Research

Assassyn: An Event-Driven Hardware Design Framework (ISCA 2025)

Assassyn is an event-driven hardware design framework published at ISCA 2025. The project addresses a fundamental challenge in hardware development: RTL forces designers to manually manage low-level timing and parallelism, which often leads to errors and slows down the design process. Assassyn introduces a unified event-driven abstraction that simplifies hardware construction while maintaining performance.

Although the paper had already been accepted when I joined, the project still faced an important limitation—its memory subsystem only supported a trivial always-hit cache and could not model realistic DRAM behavior. My primary responsibility was extending the memory system by integrating Ramulator 2.0 as the DRAM simulator. I linked against the Ramulator shared library, implemented a custom C++ wrapper to expose its memory operations, and incorporated it into Assassyn’s simulation pipeline. I also extended the Python frontend code generation layer so that users could write only 5 lines of Python code to automatically generate correct Rust and Verilog backends for a DRAM module. We validated the generated modules using Ramulator 2.0’s official test cases to ensure correctness.

In total, I contributed more than 5,000 lines of code to this project. This experience deepened my understanding of memory modeling and system-level design, and strengthened my ability to build end-to-end hardware flows that bridge Python, Rust, and Verilog.

Data-Movement Bottlenecks in Large MoE LLM Inference

This project investigates why large Mixture of Experts (MoE) LLMs suffer from severe data-movement bottlenecks during inference. We conducted data-movement-centric profiling across four state-of-the-art MoE models using over 24,000 requests and collected more than 150 GB of expert traces. Based on the discovered expert-selection patterns, we proposed architectural enhancements to future wafer-scale GPU systems, including a data-placement-aware task distribution mechanism and a hardware-managed prediction and caching framework for local HBM. These architectural modifications significantly reduced inter-die communication and improved MoE serving throughput by up to 6.3× on DeepSeek V3 and 4.0× on Qwen3.

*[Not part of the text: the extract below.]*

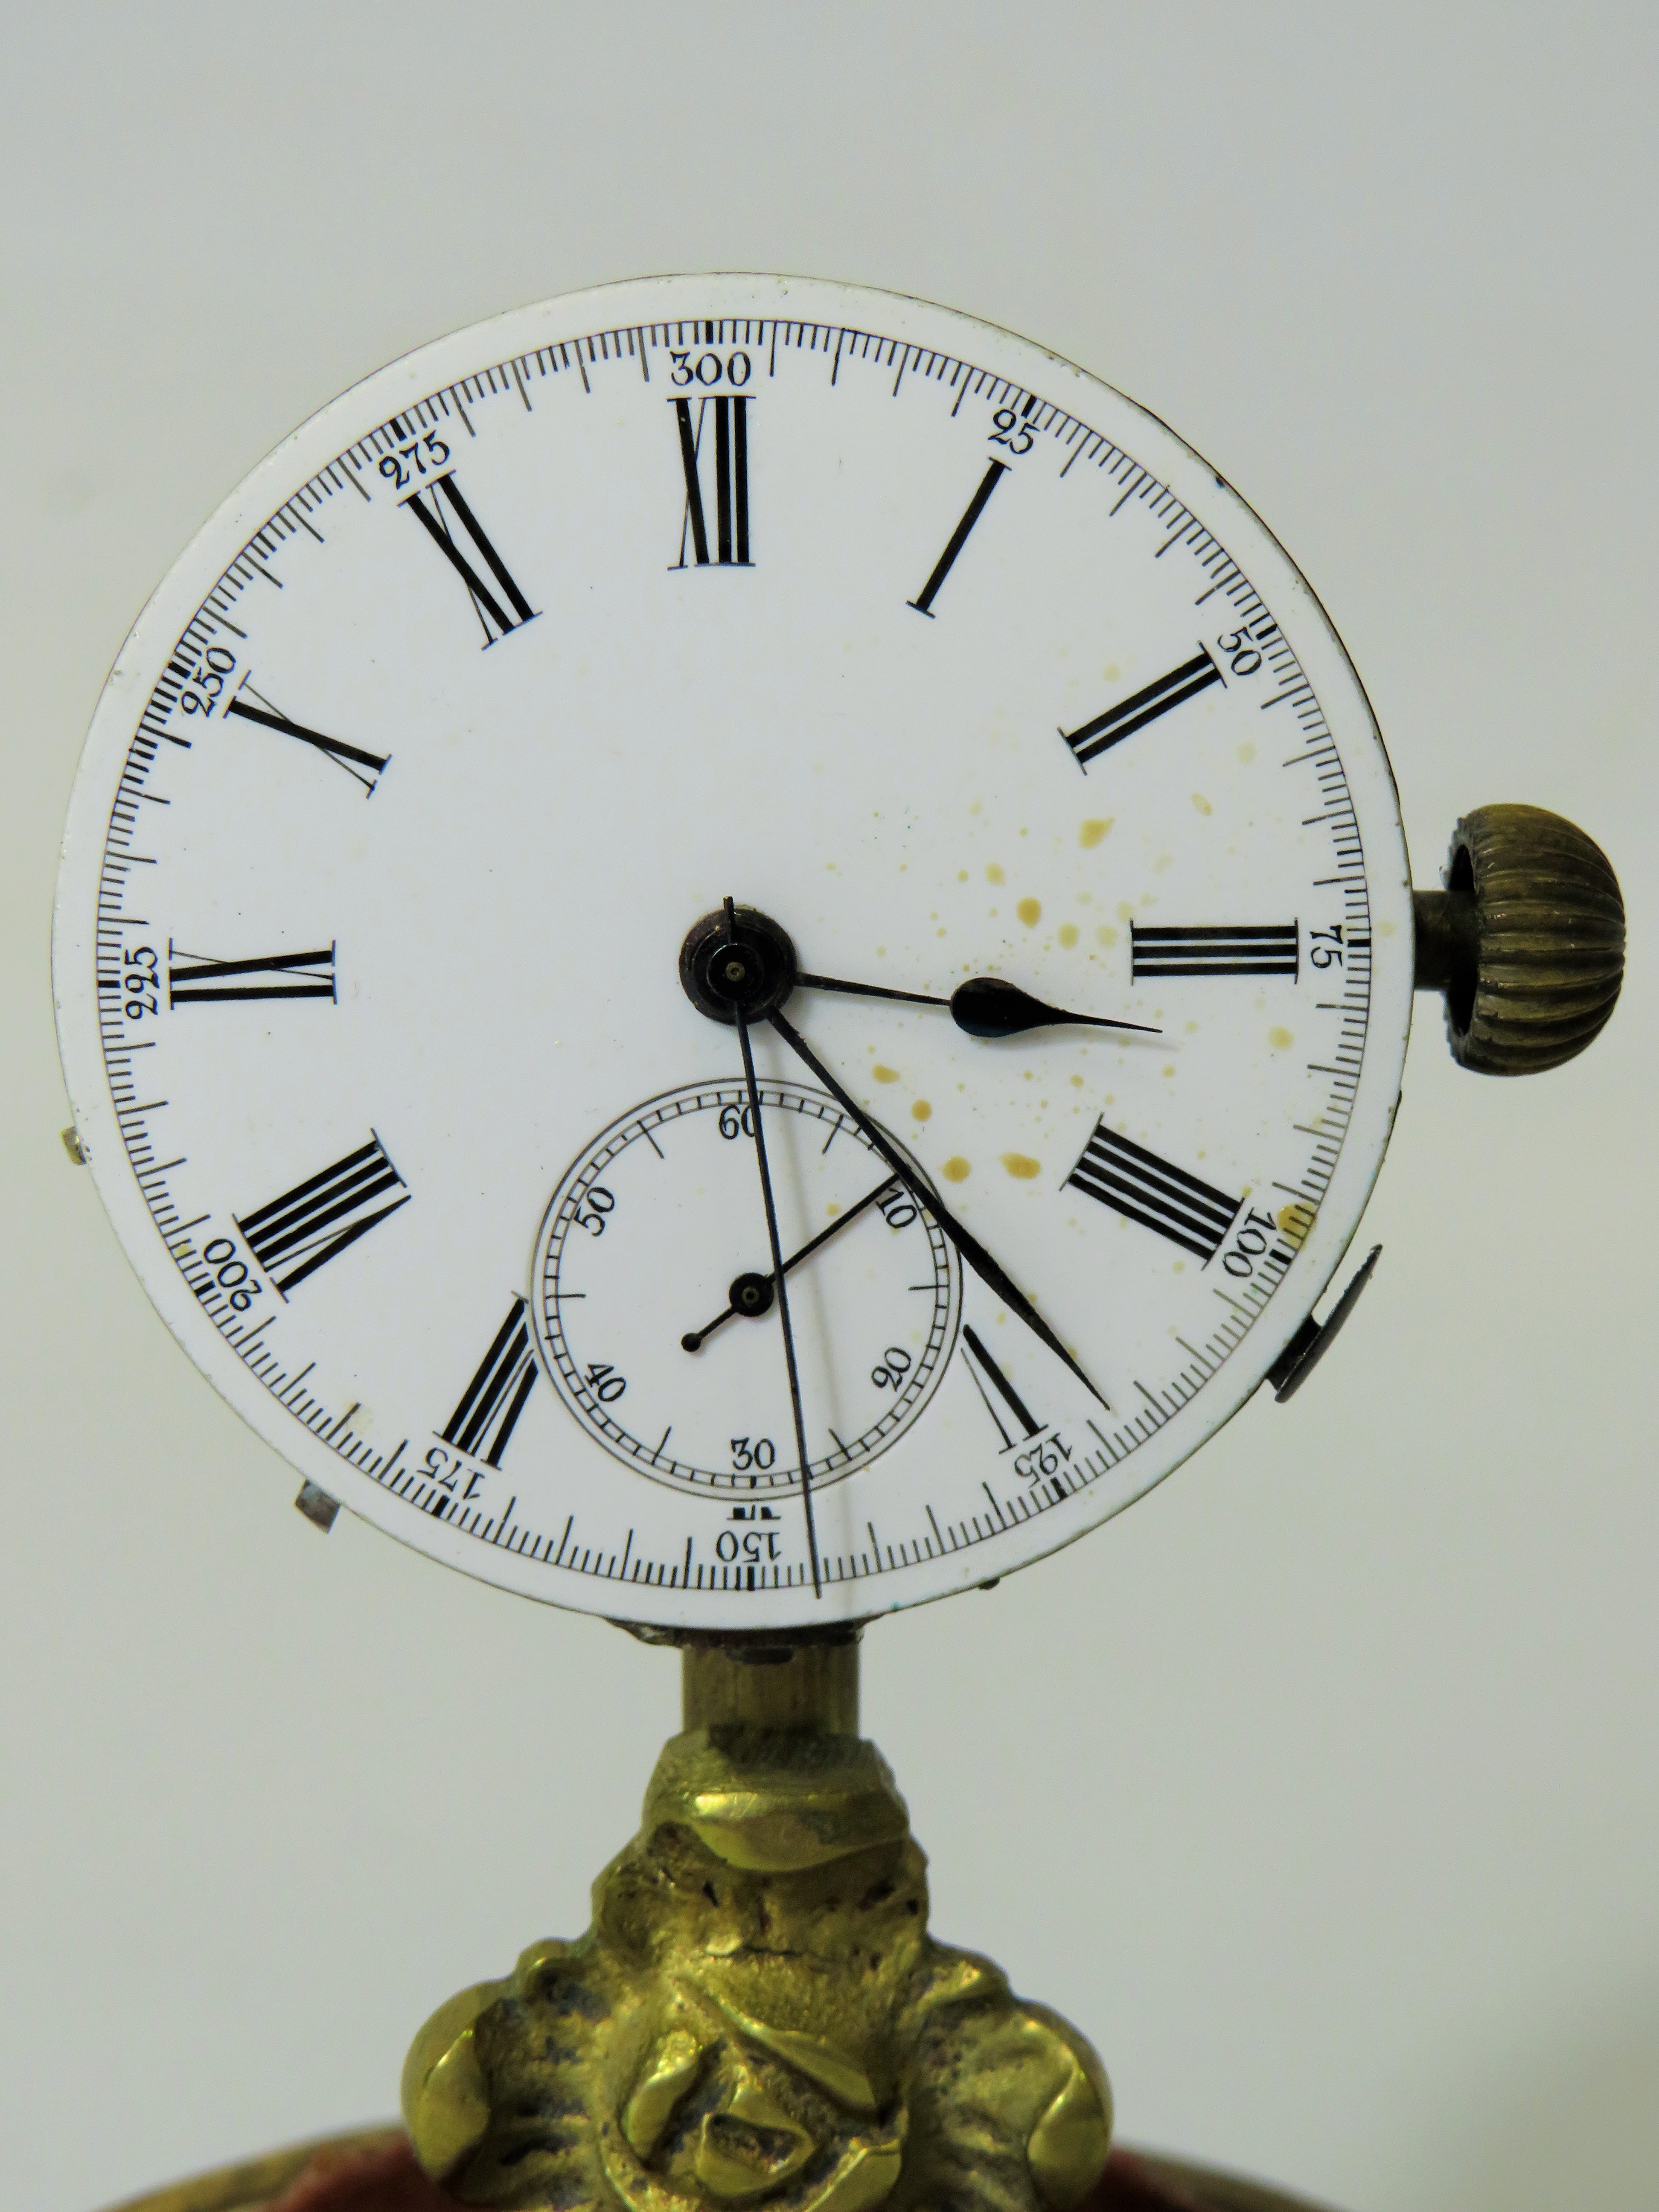 Unusual enamel faced Pocket watch which has been mounted on a brass and wooden stand and under a gla - Image 3 of 4

My role was to help shape the research direction and validate the multi-chiplet GPU simulator using ASTRA-sim2. I reproduced large-scale MoE workloads, verified timing, communication behavior, and resource utilization against real hardware measurements, and ensured the simulator faithfully reflected the architectural optimizations we proposed. In addition, I contributed to a SystemVerilog code generation benchmark project, taking responsibility for the majority of the implementation and core components.

Through these works, I gained a deep understanding of MoE inference bottlenecks and how model-driven insights can directly translate into concrete hardware architecture improvements, strengthening my ability to connect system-level analysis with chip-level design.

Compiler-Based Simulation Infrastructure for Multiple Data Center Accelerators

Data center applications’ diverse and complex nature necessitates a sea of accelerators to achieve end-to-end performance acceleration. Unfortunately, existing simulation techniques struggle to model data center accelerators at scale while maintaining rapid execution and sufficient detail. This paper introduces a compiler-based framework that enables fast simulation of data center accelerators at scale with comprehensive insights. The framework incorporates a novel MLIR dialect to model accelerator placements and invocation patterns, paired with a performance and energy estimation engine. This combination provides detailed performance metrics and energy analysis, empowering architects to optimize speed and efficiency early in the design process. We demonstrate the framework’s effectiveness with two case studies: (1) a placement and invocation model for data center accelerators and (2) acceleration of data restructuring and movement. In both cases, the framework supports rapid simulation at scale with detailed insights, yielding results that align closely with previous work.